--- Records for processing ---

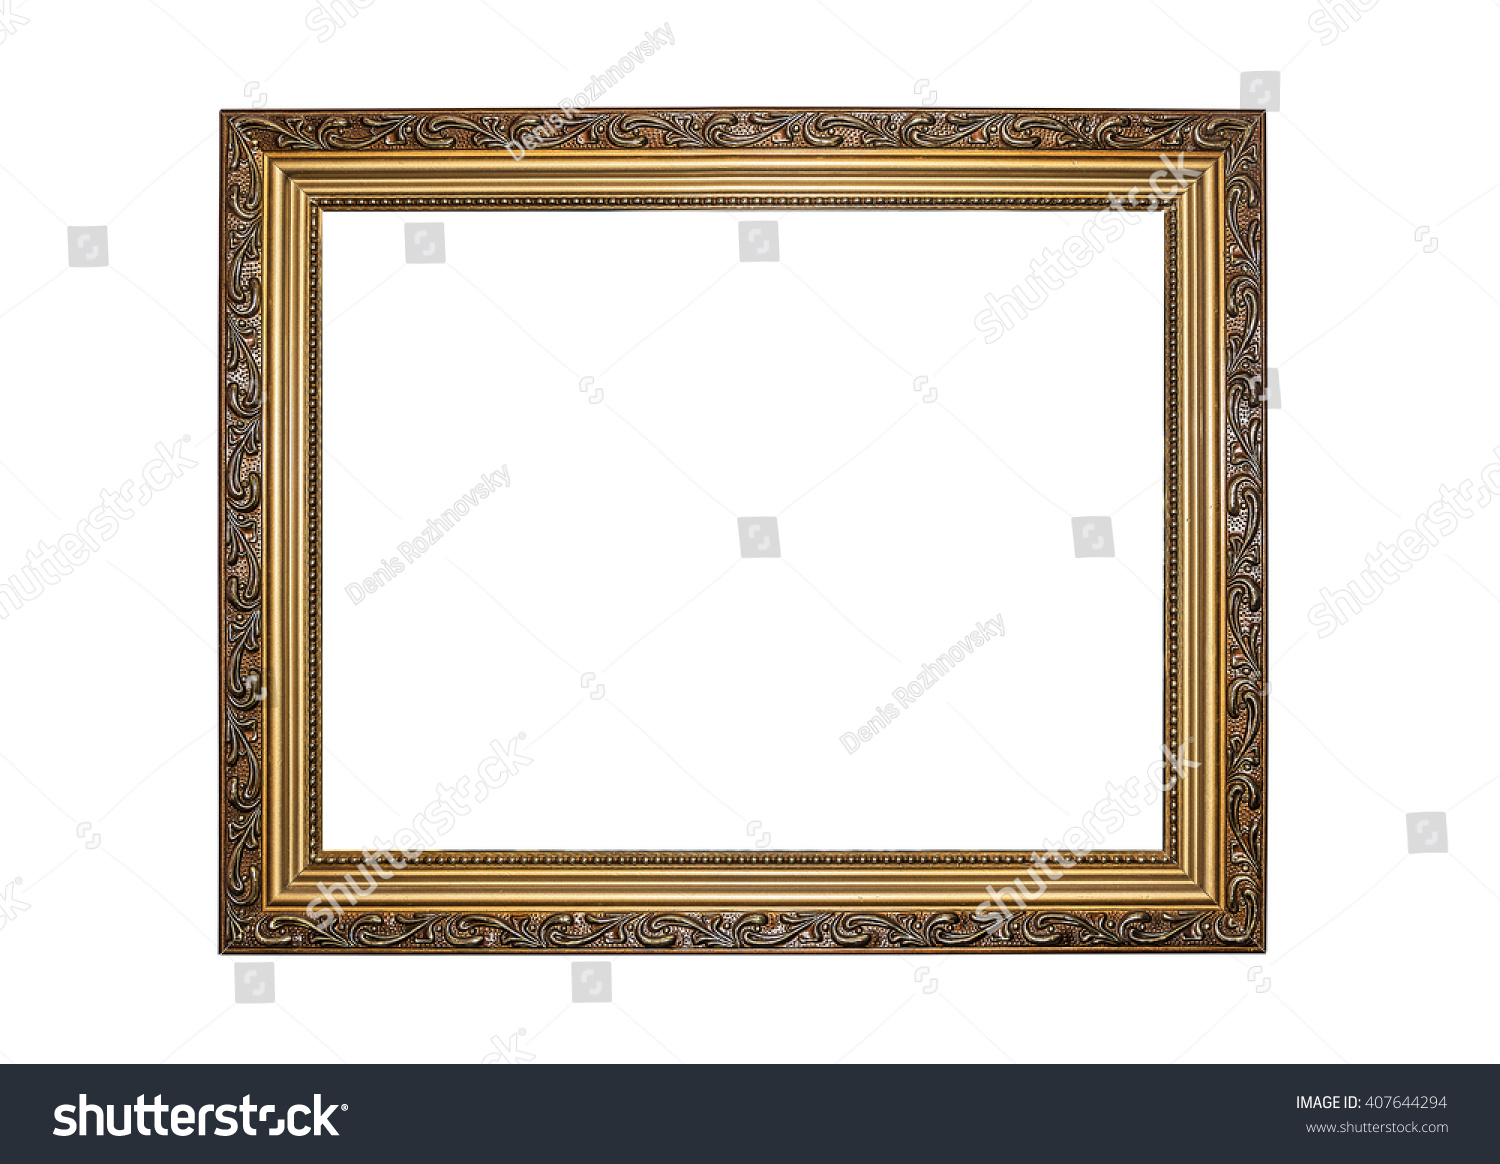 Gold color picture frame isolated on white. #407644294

---
--- Records for processing ---

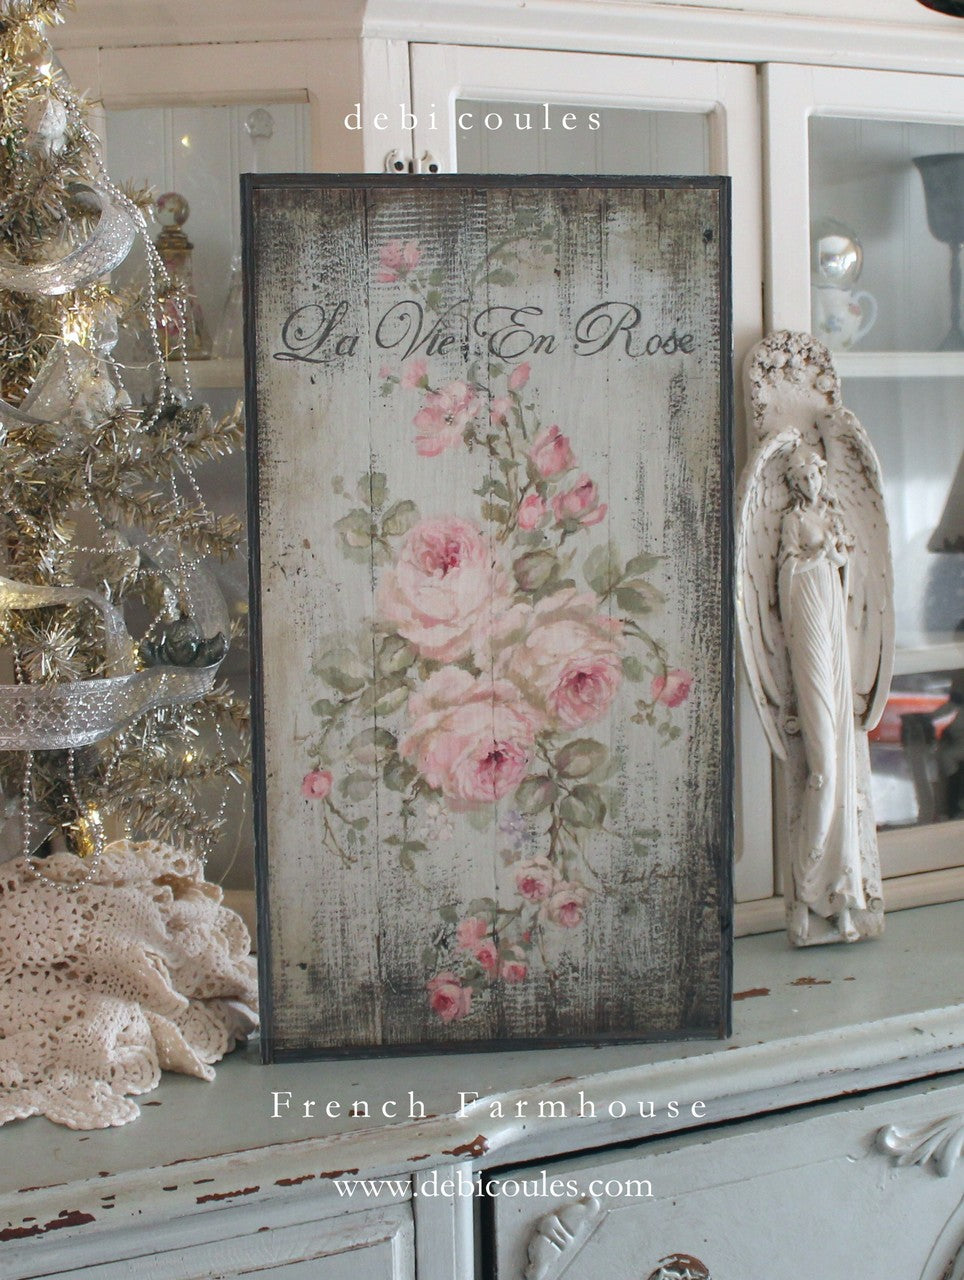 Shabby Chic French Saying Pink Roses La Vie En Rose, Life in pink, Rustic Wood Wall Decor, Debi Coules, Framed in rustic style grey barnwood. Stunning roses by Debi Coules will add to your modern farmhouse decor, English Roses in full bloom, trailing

---
--- Records for processing ---

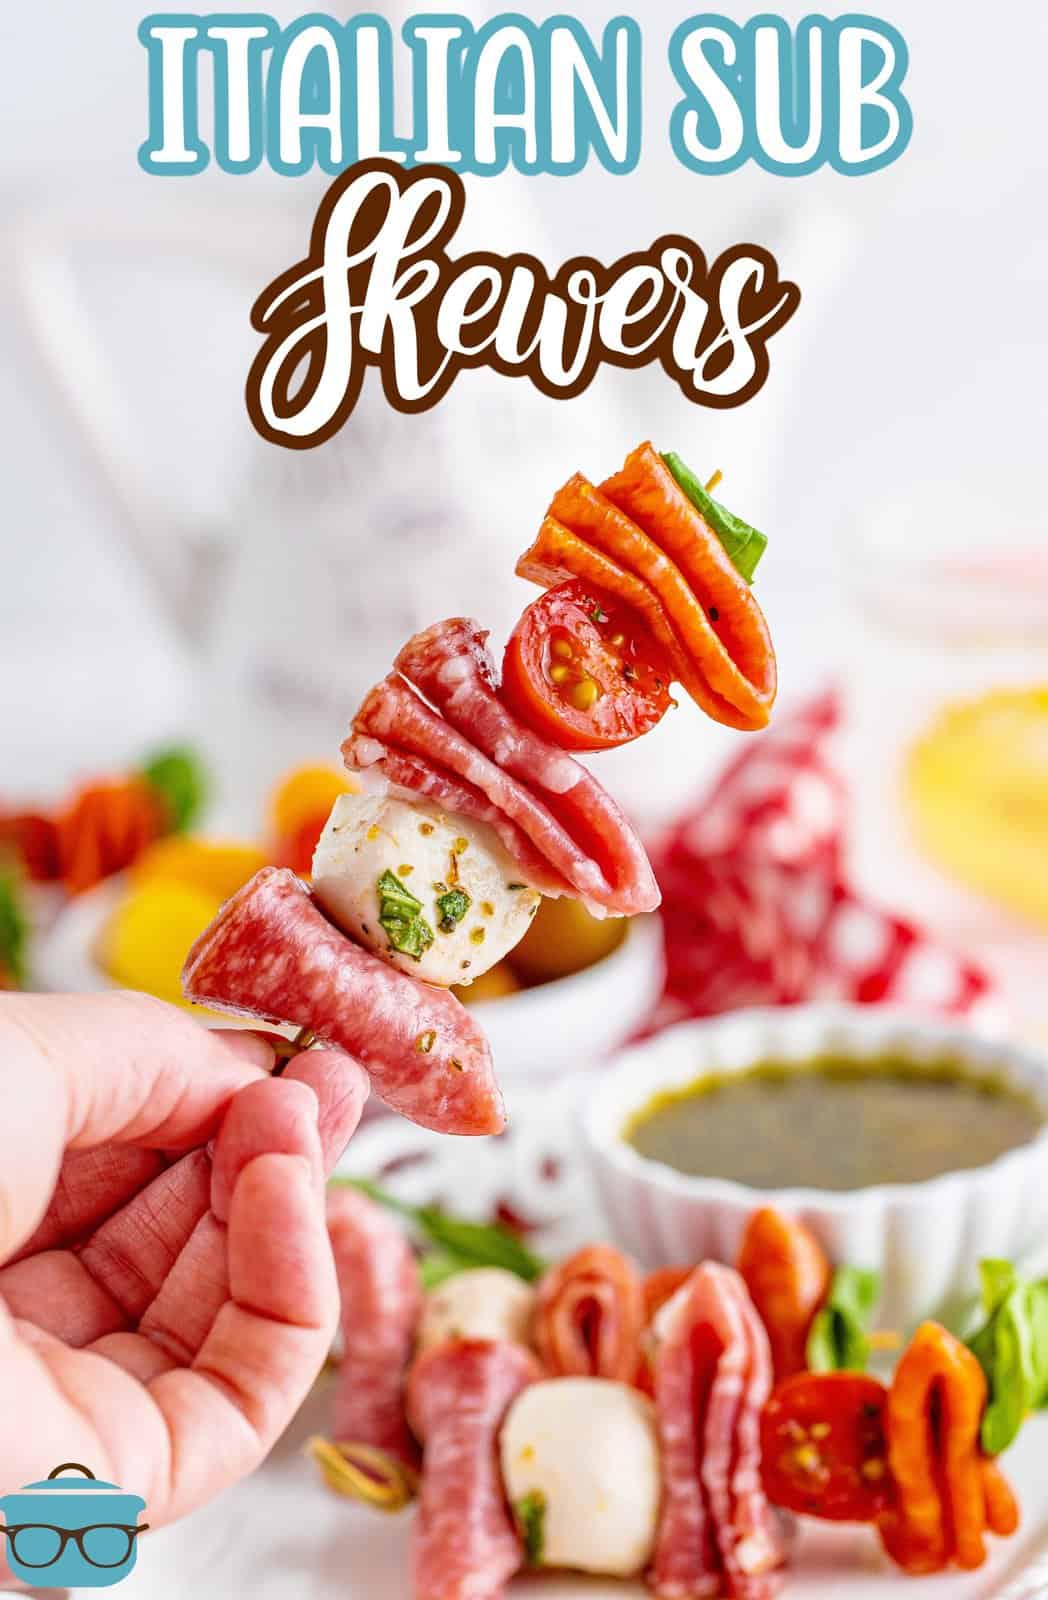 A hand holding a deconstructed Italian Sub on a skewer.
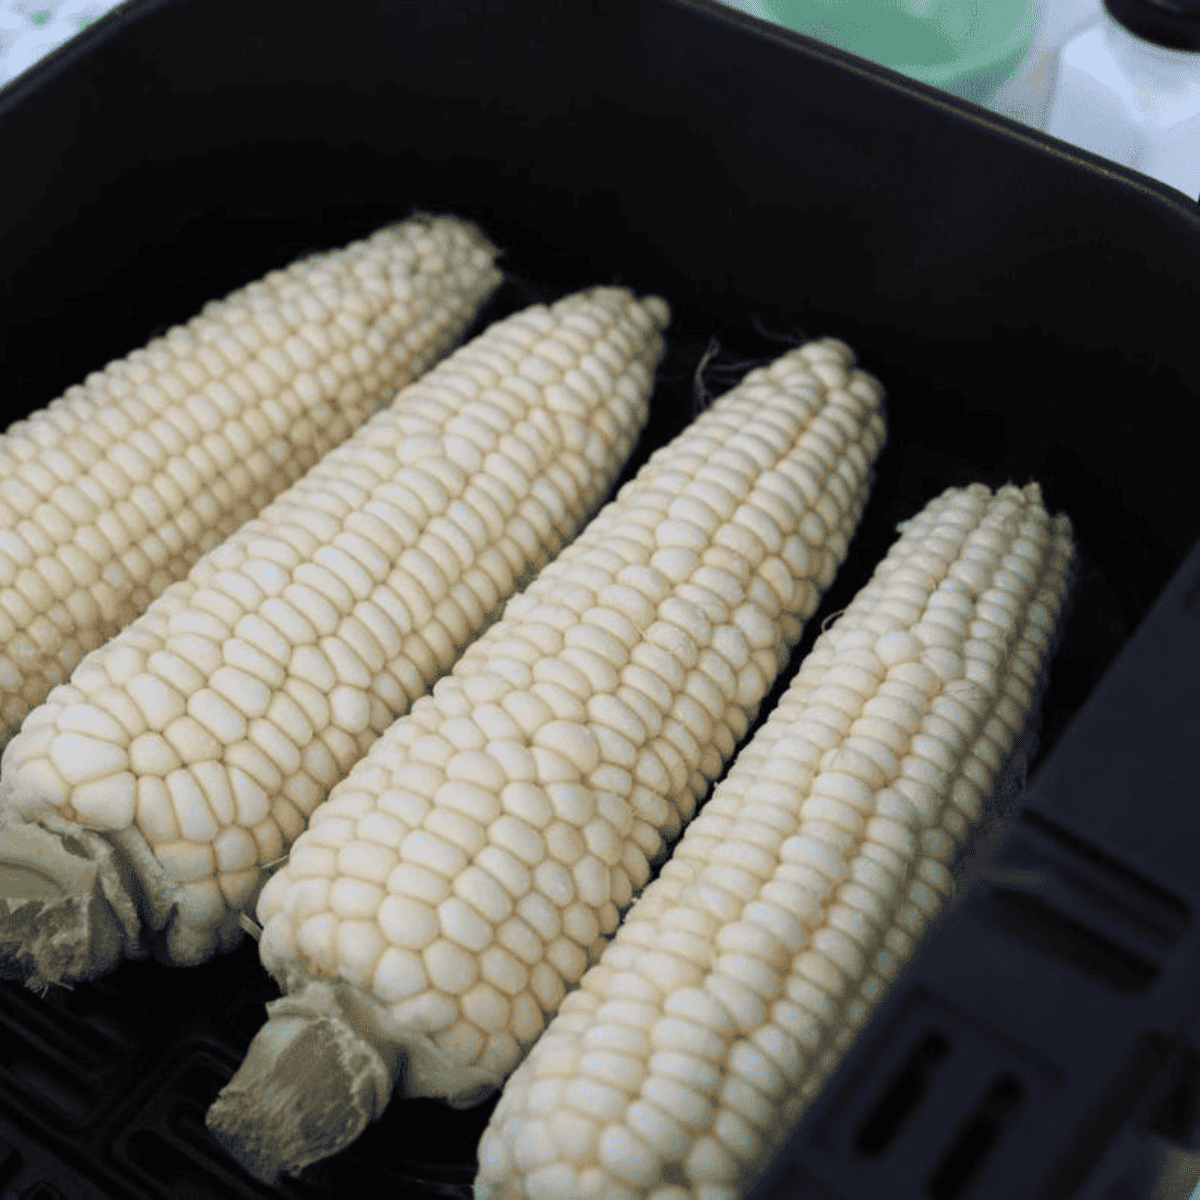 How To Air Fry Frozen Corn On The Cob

---

The lines above starting at the one that holds "A hand holding" and ending at the one that holds "How To Air Fry Frozen Corn On The Cob" are to be written out exactly, ends included, and no pictures are to be copied.

 A hand holding a deconstructed Italian Sub on a skewer.
 How To Air Fry Frozen Corn On The Cob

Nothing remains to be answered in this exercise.